1 in 10 children are out of school.

1 in 4 children complete school unable to write or count.

Street Child works with a network of local partners to ensure every child has access to an education, especially in low resource environments and emergencies.

A huge number of children live in severe poverty, conflict or other crisis zones, where education is disrupted or impossible. Once children have dropped out of school - for any reason - the more time that passes, the less likely they are to ever return. So when an acute crisis occurs, such as the COVID-19 pandemic, which at one point led to school closures affecting 90% of all school-age children, it is imperative that we keep education going, and help children to catch up on any missed learning so they can return to school in the right grade for their age.

From rural areas that have never had a school to classrooms that have been destroyed because of disaster or conflict, millions of children are unable to go to school across the world today simply because there are no schools for them to go to.

For children who are in school, many schools are not good enough quality, with hundreds of students per classroom, a lack of toilets, sanitary facilities, capable teachers, and/or adequate learning materials. 
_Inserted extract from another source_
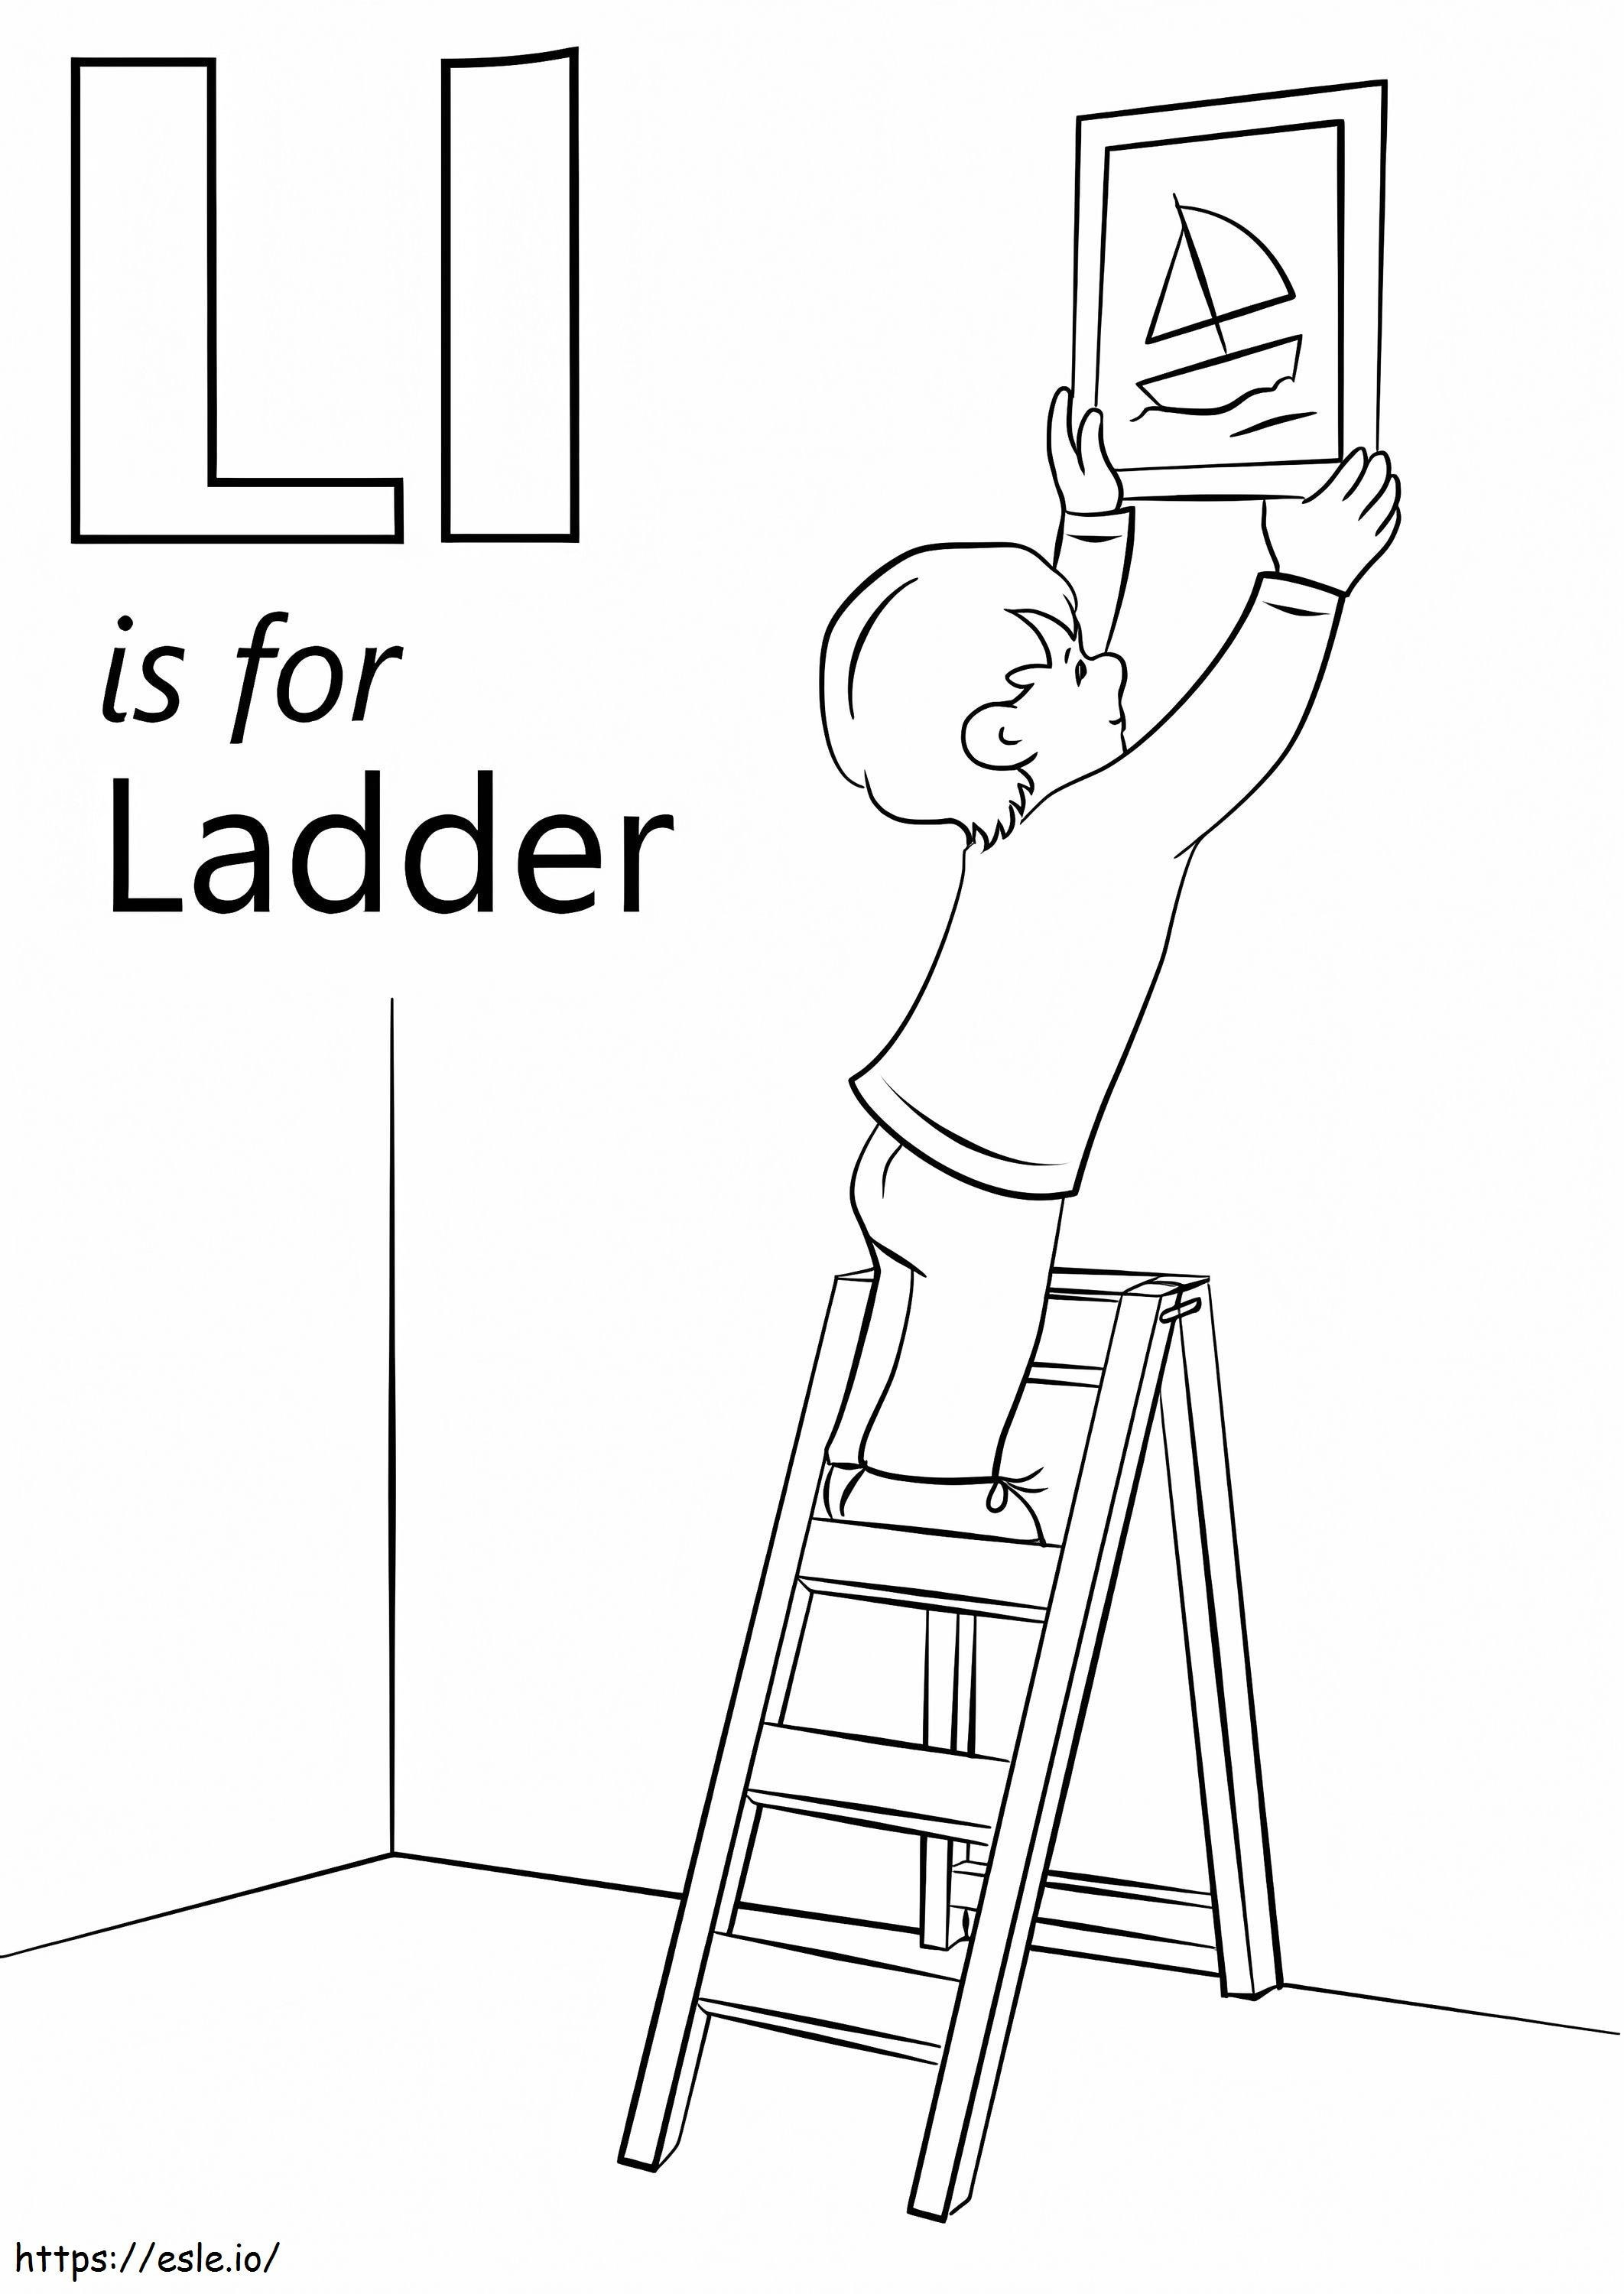 Ladderletter L kleurplaat kleurplaat

Parental and community attitudes can often also hold back children's education, especially for girls from late elementary-school age and upwards, stopping them from going to school or making them earn a living for the family instead of getting an education. 

WHAT WE ARE DOING

Accelerated foundational learning in numeracy & literacy

This is used for children who have never been to school as well as those who have attended but have dropped out for any reason.

Based on the Teaching at the Right Level methodology (TaRL) our accelerated learning program (ALP) catalyzes catch-up learning and the attainment of foundational learning levels for children who have fallen behind because their education has been disrupted. Depending on context it can take between three to six months to achieve foundational levels, so it works for children who are on the move; and the schedule is flexible, so it can also be effective for children who have other responsibilities (such as child labor). If appropriate or possible it can support children back into the classroom at the right grade for their age, or into income generation and entrepreneurship if schooling is no longer an option / desirable for them.

The ALP is always adapted for context, dovetailing with government education priorities and curricula to strengthen the local education system itself, and can be delivered in-person or remotely depending on need. Flagship programs delivering the ALP include Marginalized No More in Nepal, where 11,300 women and girls of the Musahar caste rose from 4% literacy to 55%, and Liberia, where as part of the Liberian Government’s public/private education partnership (LEAP) we raised learning levels across 12 schools by 0.5SDs and were named Top Peformer in an RCT by the Center for Global Development.

school improvement

To ensure the long term success of education we support schools to establish profitable social enterprises, so that the school itself can generate income with which to pay teachers and maintain the quality of the school environment. This takes the pressure off the community and leads to higher school attendance. This model has been running the longest in Sierra Leone, where we have provided schools with agricultural grants and technical support to develop businesses such as rice farms and seed lending banks, where the profits made following harvest help to meet educational costs. In Sierra Leone in 2021 alone we set up 80 income generating initiatives in rural elementary schools.

Building schools in rural communities is a core element of our work. We began in 2010 building 'first-ever schools' for some of the most remote communities in the highly rural Tambakha Chiefdom in northern Sierra Leone, and since then we hve focused heavily on temporary or permanent learning spaces in humanitarian crisis zones including North-East Nigeria, post-earthquake Nepal, Ukraine, Afghanistan and Syria.

teacher training

To date we have supported around 100,000 teachers to complete government-recognized training courses, in-service training, continuous professional development programs, and / or shorter, specialized interventions on topics such as disaster risk resilience and education in emergencies.

changing attitudes

Parental and community attitudes can often also hold back children's education, especially once girls reach puberty and are considered marriagable and therefore a family commodity. Street Child programs work with communities to promote the rights of all children to education - and the importance of on-going parental and caregiver support to a child's academic progress. In particular we advocate to improve the status of girls by shaping the gender norms held by parents and community leaders, showing them that girls are both educable and have a right to literacy and numeracy. For example, in Uganda our ‘Change the Story’ program increased the literacy and numeracy of levels of more than 2,000 young mothers.